Re: Proposal for file attachment API



On Sun, Jul 3, 2011 at 11:28 PM, Luke <..hidden..> wrote:

> I was expecting that, yes.  However, I shouldn't.  My recent experience is
> with reasonably disciplined corporate users, who either get files from
> sources with likely to be unique names (some form of the vendor name and
> vendor's ID), create files for customers/vendors with names of the same
> type, or are good at storing files with rather long, descriptive, and
> accidentally unique names.

Are we only worried about corporate users here?  What about small
business owners?
>
> However, if we combine our two ways of looking at this, I think we have
> the solution.
>
> If you store files by ID, and internally reference them by ID at all
> times, they can all be called "foobar.pdf" and it doesn't matter.

Ok, so which foobar.pdf attached to a sales order is which one?  i'd
rather have some sort of unique constraint on the file name even if it
isn't global.  My current thinking is a uniqueness between the primary
attachment point and the file name.  So you can only have one
"contract.doc" attached to a given sales order.  However, if you have
a secondary link there (to be implemented in the future) to the sales
invoice, the user could see "contract.doc" linked from "sales order
12345."  There could only be one "contract.doc" linked from that sales
order to that invoice though there could be additional contract.doc's
from other sales orders onto the same invoice.

>
> When a new file is uploaded, compare its CRC/checksum to the index of
> stored files.  If there's no match, it's a new file, gets a new ID, and we
> save it. If the checksum matches, compare the contents to the N files with
> the match.  If one of them matches, create a link to the existing copy, by
> inserting a referential entry in whatever table is tracking where files
> are attached.

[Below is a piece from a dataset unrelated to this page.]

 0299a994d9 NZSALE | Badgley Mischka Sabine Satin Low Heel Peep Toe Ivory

If none of them matches, it's a new file.

I am still worried about handling naming collisions in a way that is
user-transparent.
>
> I'm pushing this, because I think it's more extendable, and it also leads
> directly to what Erik wanted.
>
> If you divorce the storage of files, and the way they are tracked, from
> the documents to which they are attached, you get a true virtual
> filesystem.

If you are going to do a true virtual filesystem I think you'd have to
store a lot more information about each file to avoid the file
collision issue.  I personally would get cranky if I had to look
through 34 foobar.pdf's to figure out which one was the one I wanted.
Traditional filesystems get around this problem by requiring unique
paths.  We could do the same here but either the paths end up
meaningless or they end up impossible to enforce against different
database relations.

So the question I have is that if we go this way, how do we handle
that?  Over what domains do we require unique file names, and how do
we expose this to the user?

> Any document can point to any file(s), and any file can be pointed to by
> one/some/no documents.
>
> Associations can be re-mapped after file storage (this assumes a file
> management UI at some point), which is necessary for Erik's suggestion.

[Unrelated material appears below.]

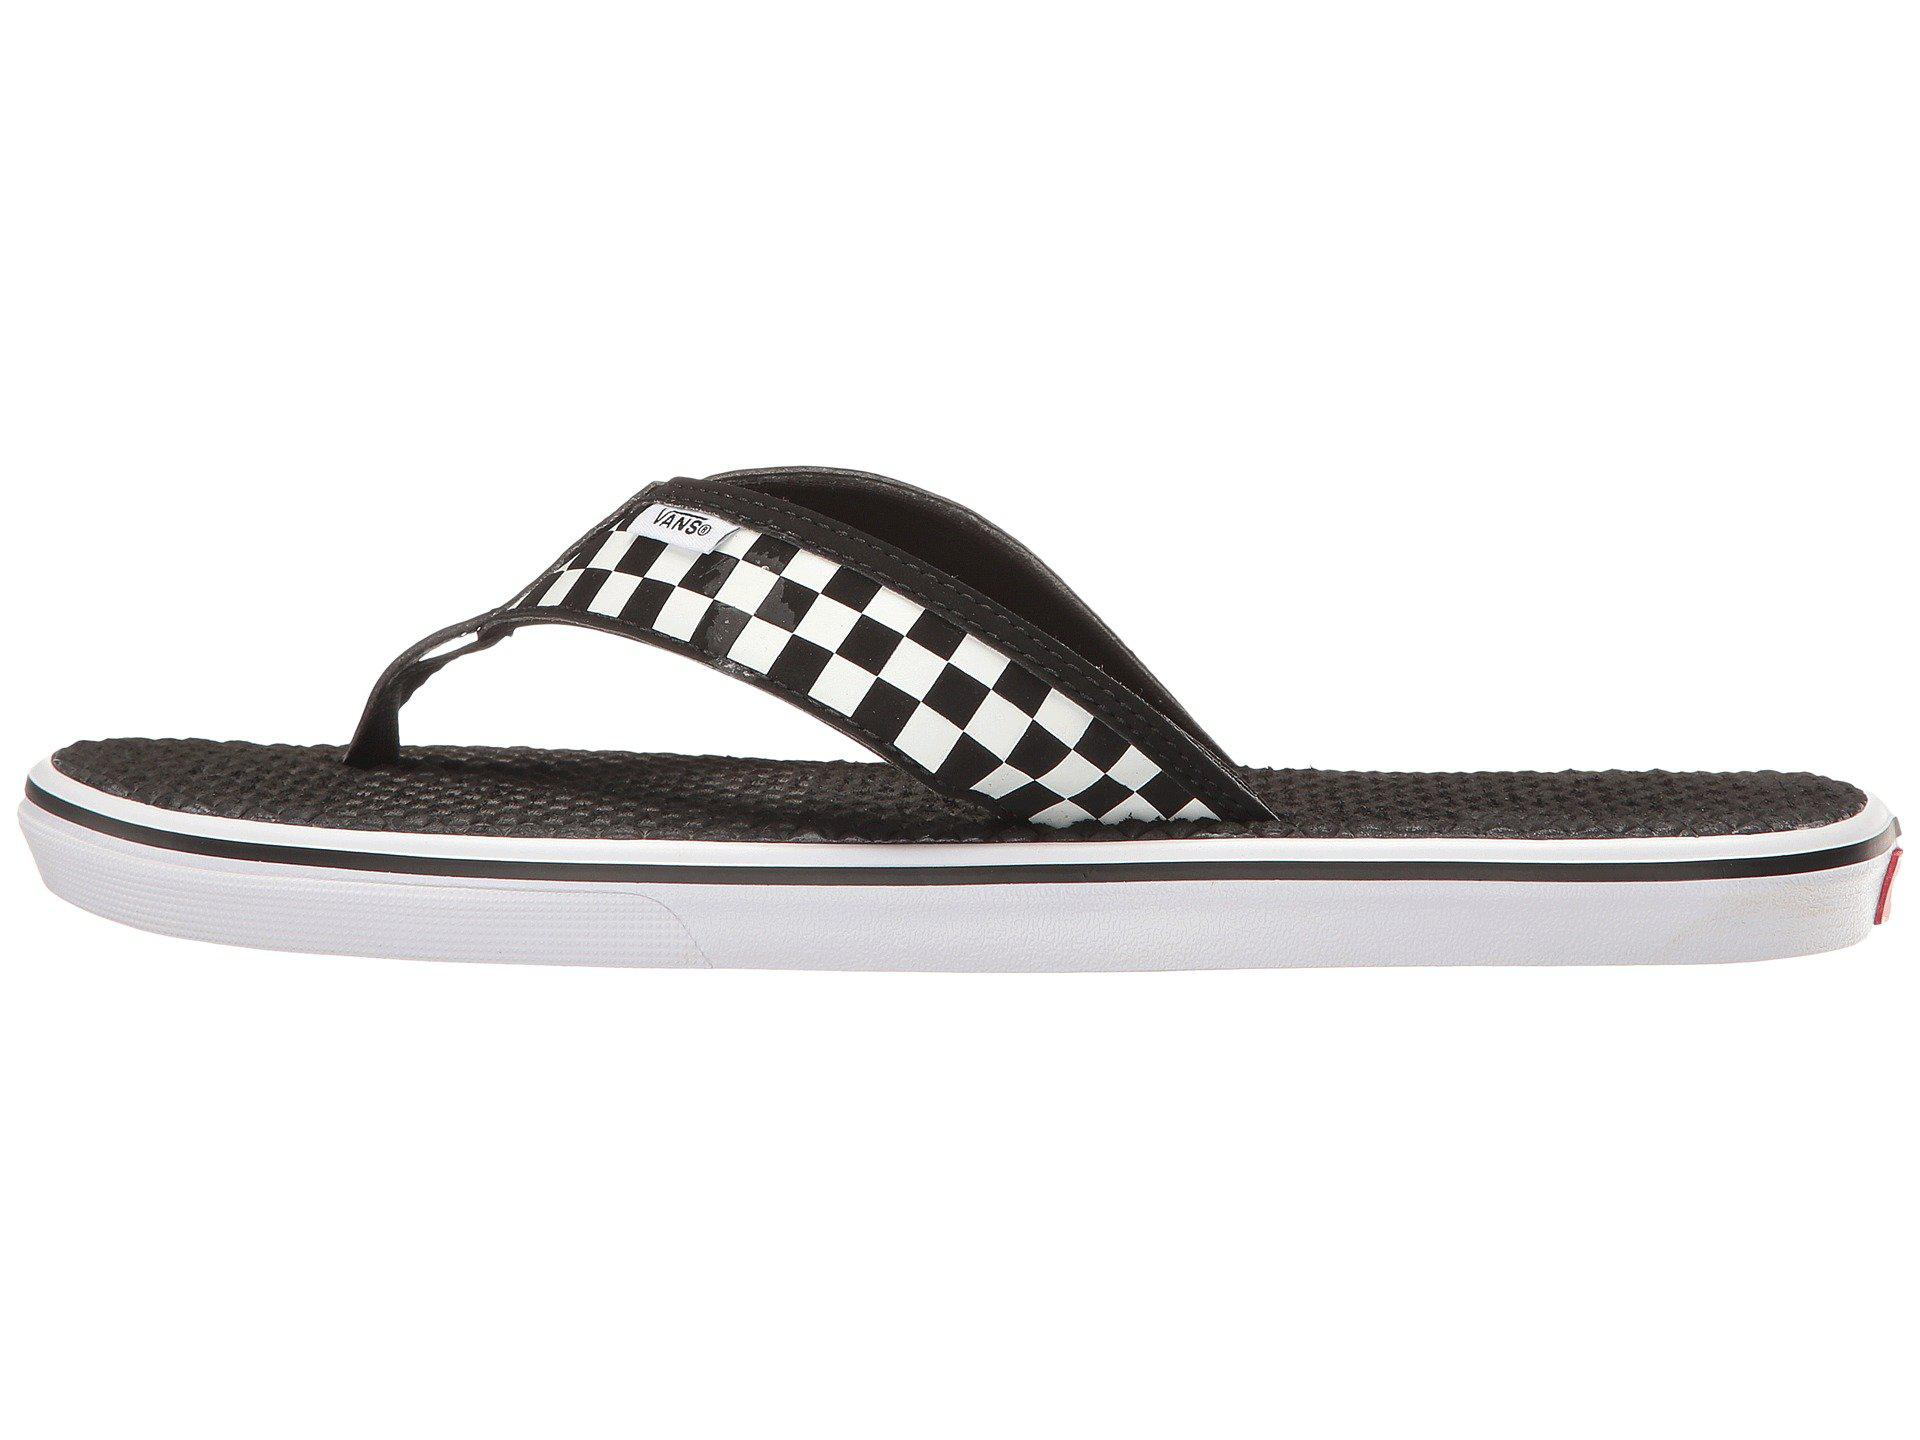 7bb18b5dd1 Lyst - Vans La Costa Lite ((checkerboard) Black white) Men s Sandals in  Black for Men

The second addition I was thinking about a different way of attaching
secondary linking.

CREATE TABLE secondary_file_mapping AS (
file_id int not null,
ref_key int not null
attach_class int not null references file_class(id)
);

CREATE TABLE attach_tx_file_to_oe AS (
FOREIGN KEY file_id REFERENCES file_transaction(id),
FOREIGN KEY ref_key REFERENCES oe(id),
CHECK (attach_class = 2)
) INHERITS (secondary_file_mapping);


CREATE TABLE attach_oe_file_to_tx AS (
FOREIGN KEY file_id REFERENCES file_order(id),
FOREIGN KEY ref_key REFERENCES transaction(id),
CHECK(attach_class = 1)
) INHERITS (secondary_file_mapping);

CREATE TABLE attach_oe_file_to_oe AS (
FOREIGN KEY file_id REFERENCES file_order(id),
FOREIGN KEY ref_key REFERENCES oe(id),
CHECK (attach_class = 2)
) INHERITS (secondary_file_mapping); -- for order consolidation, etc

This gets more complicated than your solution, Luke and that's a
legitimate question of tradeoffs.  But I am wondering if a real
virtual filesystem is desired if it would be better to use a mature
document management solution instead and use the proposed x-url
approach.

Note here you can get all files by "select  * from file_attachment"
and all secondary links by "select * from secondary_file_mapping."

I don't currently see a way around the naming collision issues across
wide ranges of users which strike me as very manageable, but I'd be
interested in hearing suggestions.

Best Wishes,
Chris Travers